Embodied AI research is undergoing a shift toward vision-centric perceptual paradigms. While massively parallel simulators have catalyzed breakthroughs in proprioception-based locomotion, their potential remains largely untapped for vision-informed tasks due to the prohibitive computational overhead of large-scale photorealistic rendering. Furthermore, the creation of simulation-ready 3D assets heavily relies on labor-intensive manual modeling, while the significant sim-to-real physical gap hinders the transfer of contact-rich manipulation policies. To address these bottlenecks, we propose GS-Playground, a multi-modal simulation framework designed to accelerate end-to-end perceptual learning. We develop a novel high-performance parallel physics engine, specifically designed to integrate with a batch 3D Gaussian Splatting (3DGS) rendering pipeline to ensure high-fidelity synchronization. Our system achieves a breakthrough throughput of 10^4 FPS at 640x480 resolution, significantly lowering the barrier for large-scale visual RL. Additionally, we introduce an automated Real2Sim workflow that reconstructs photorealistic, physically consistent, and memory-efficient environments, streamlining the generation of complex simulation-ready scenes. Extensive experiments on locomotion, navigation, and manipulation demonstrate that GS-Playground effectively bridges the perceptual and physical gaps across diverse embodied tasks. Project homepage: https://gsplayground.github.io.

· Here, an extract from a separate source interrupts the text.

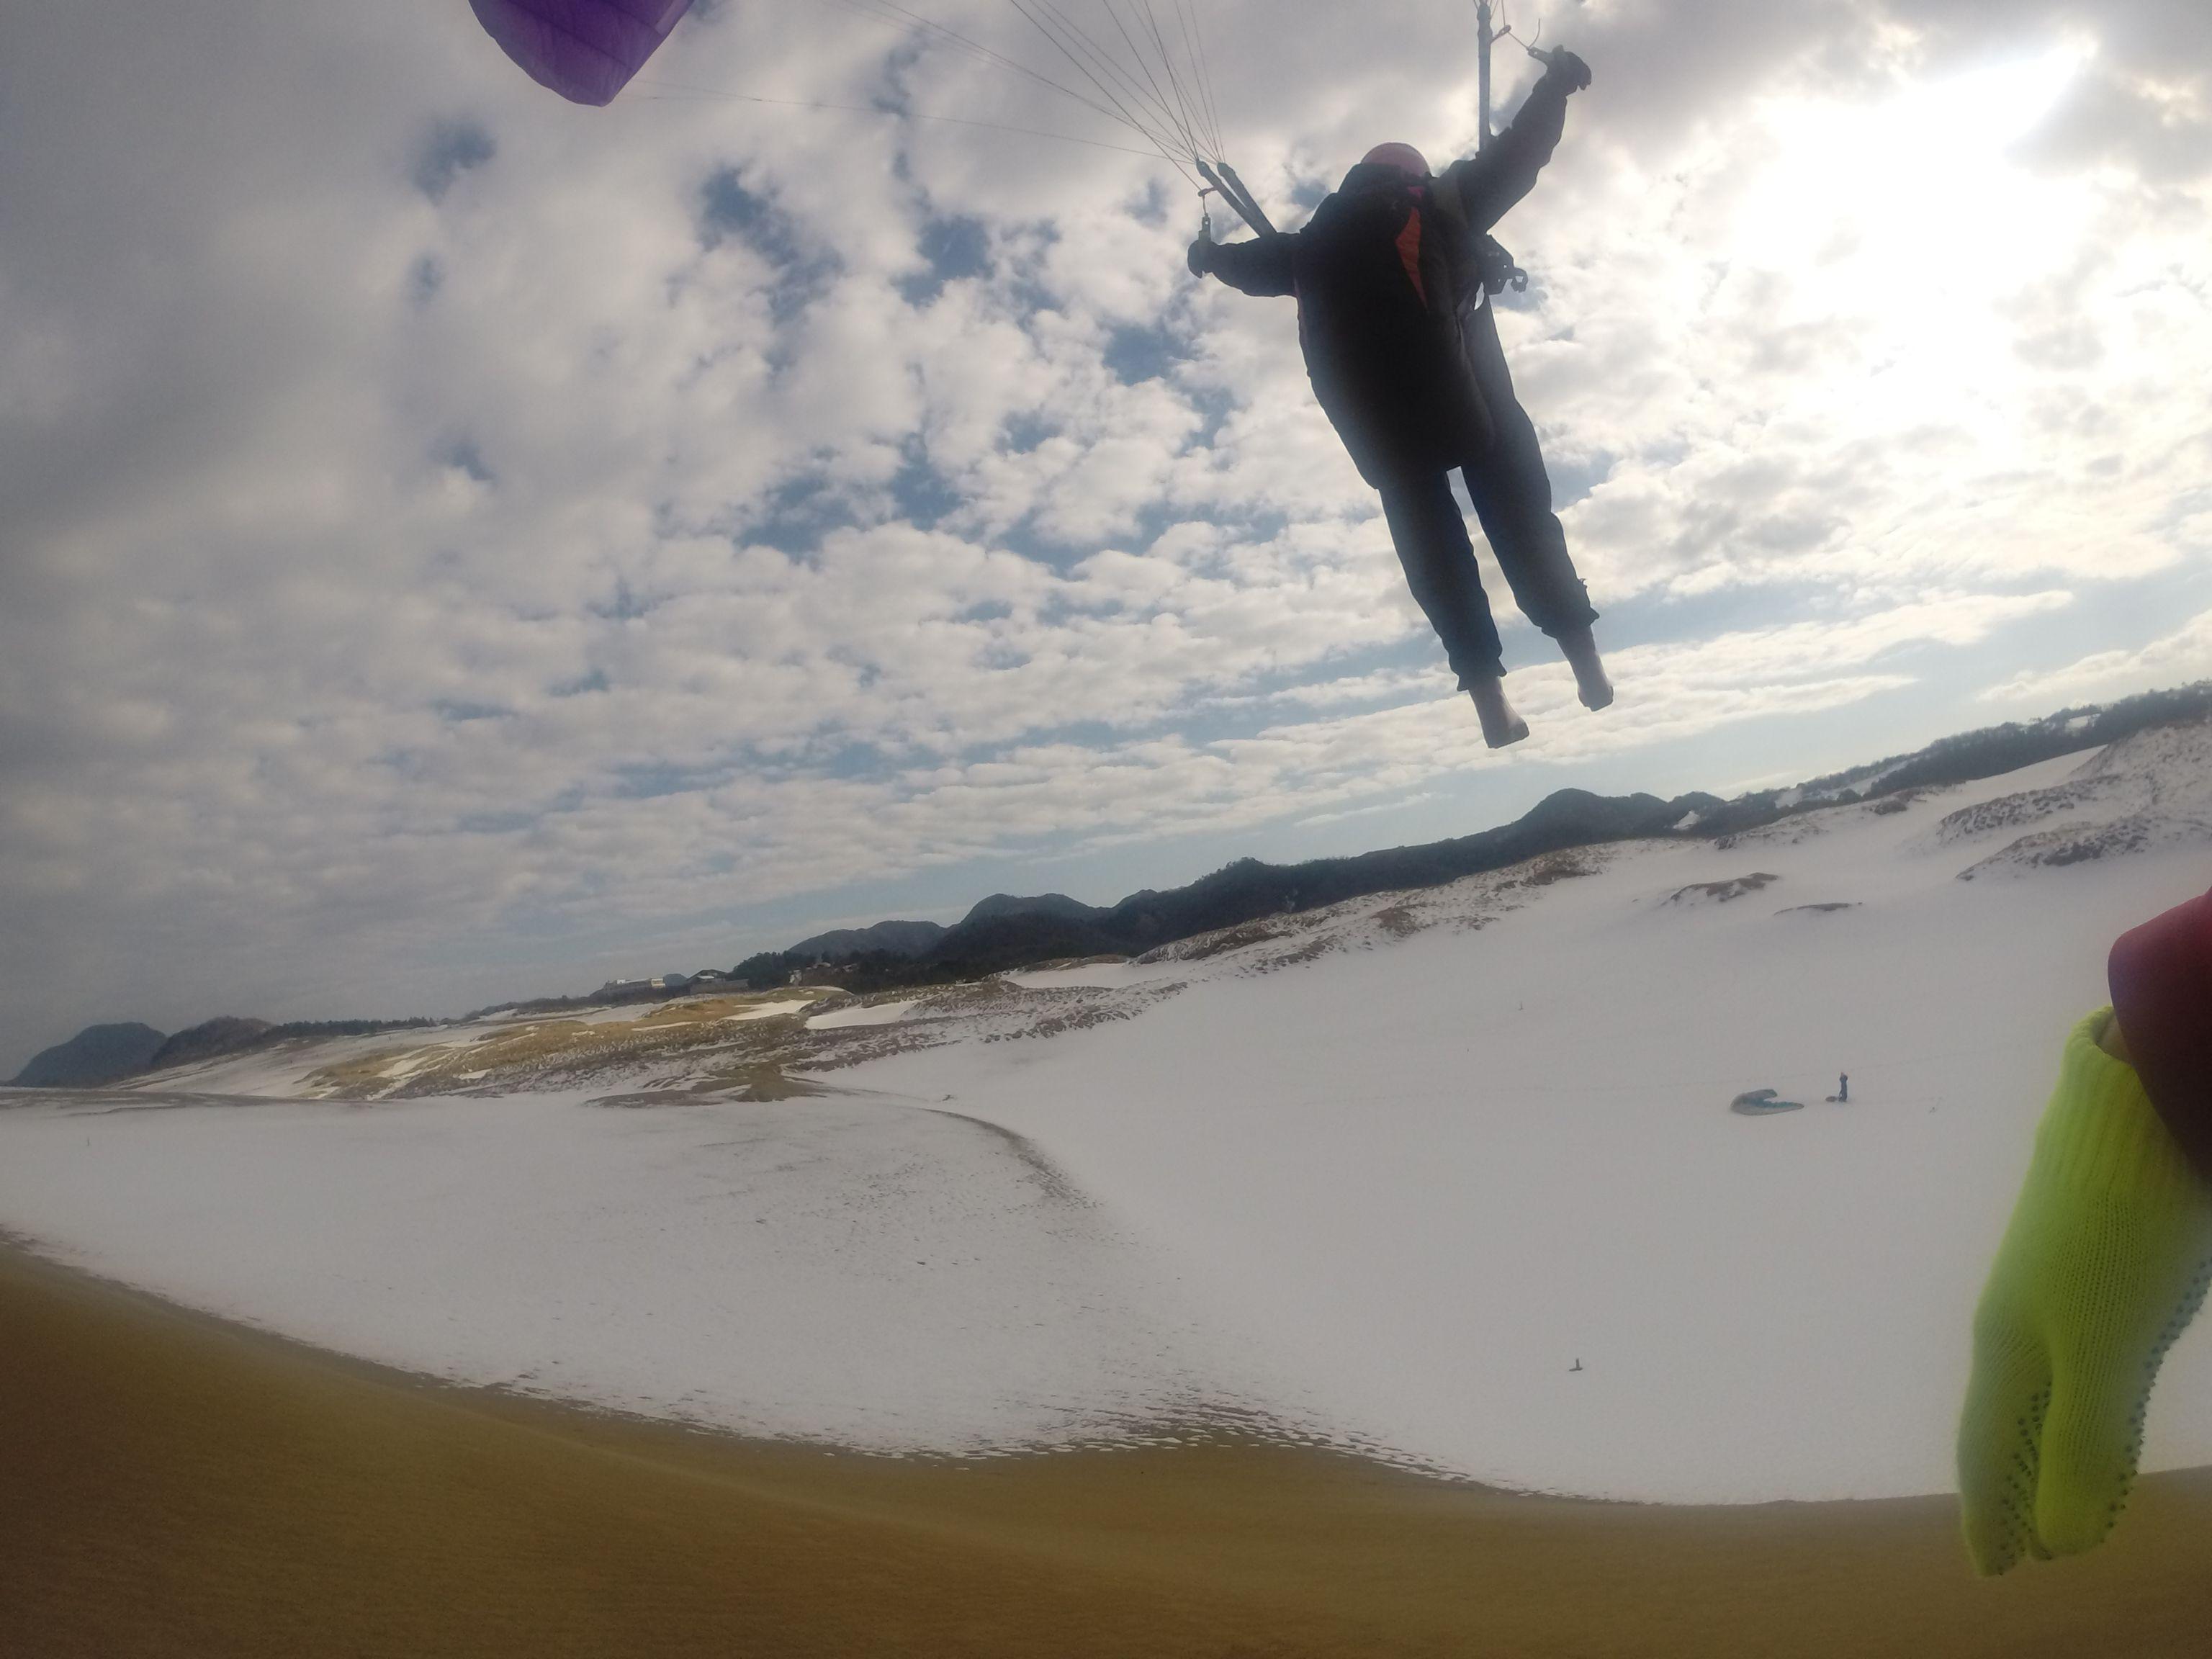 冬なのに、最高の飛行が楽しめました
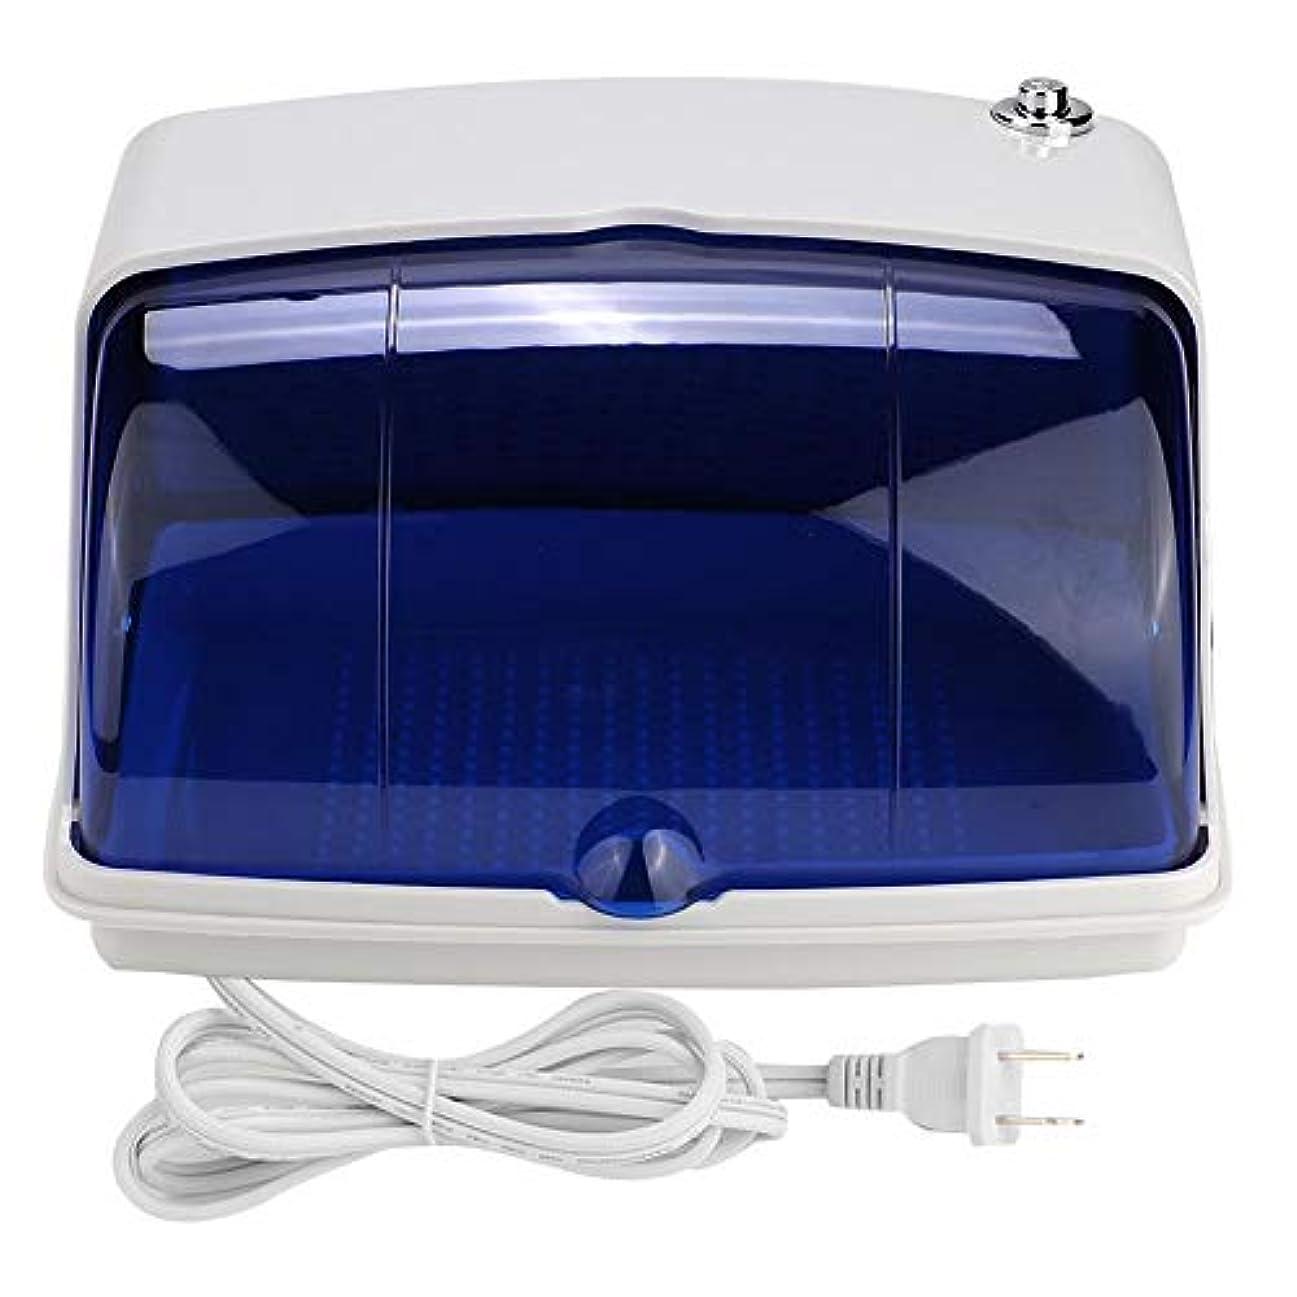 シンボル極めて重要な価値紫外線用具の滅菌装置のキャビネット、専門タオルは電気器具の消毒の滅菌タオルの滅菌装置の衣類、タオル、毛布、等のための滅菌装置に着せます(USプラグ110V)

翻译：具身人工智能研究正经历向视觉中心感知范式的转变。尽管大规模并行仿真器已推动基于本体感知的运动控制取得突破，但由于大规模逼真渲染带来的高昂计算开销，其在视觉驱动任务中的潜力仍未充分开发。此外，创建可直接用于仿真的三维资产高度依赖人工建模，而显著的仿真到现实物理差距则阻碍了接触式操作策略的迁移。为应对上述瓶颈，我们提出GS-Playground——一种旨在加速端到端感知学习的多模态仿真框架。我们开发了一种新型高性能并行物理引擎，其专门设计用于与批处理三维高斯泼溅渲染流水线集成，以确保高保真同步。该系统在640×480分辨率下实现了每秒10^4帧的突破性吞吐量，显著降低了大规模视觉强化学习的应用门槛。同时，我们引入了一种自动化真实到仿真工作流，用于重建具有逼真视觉效果、物理一致性及内存高效性的环境，简化了复杂仿真就绪场景的生成。在运动控制、导航和操作任务上的广泛实验表明，GS-Playground有效弥合了不同具身任务中的感知与物理差距。项目主页：https://gsplayground.github.io。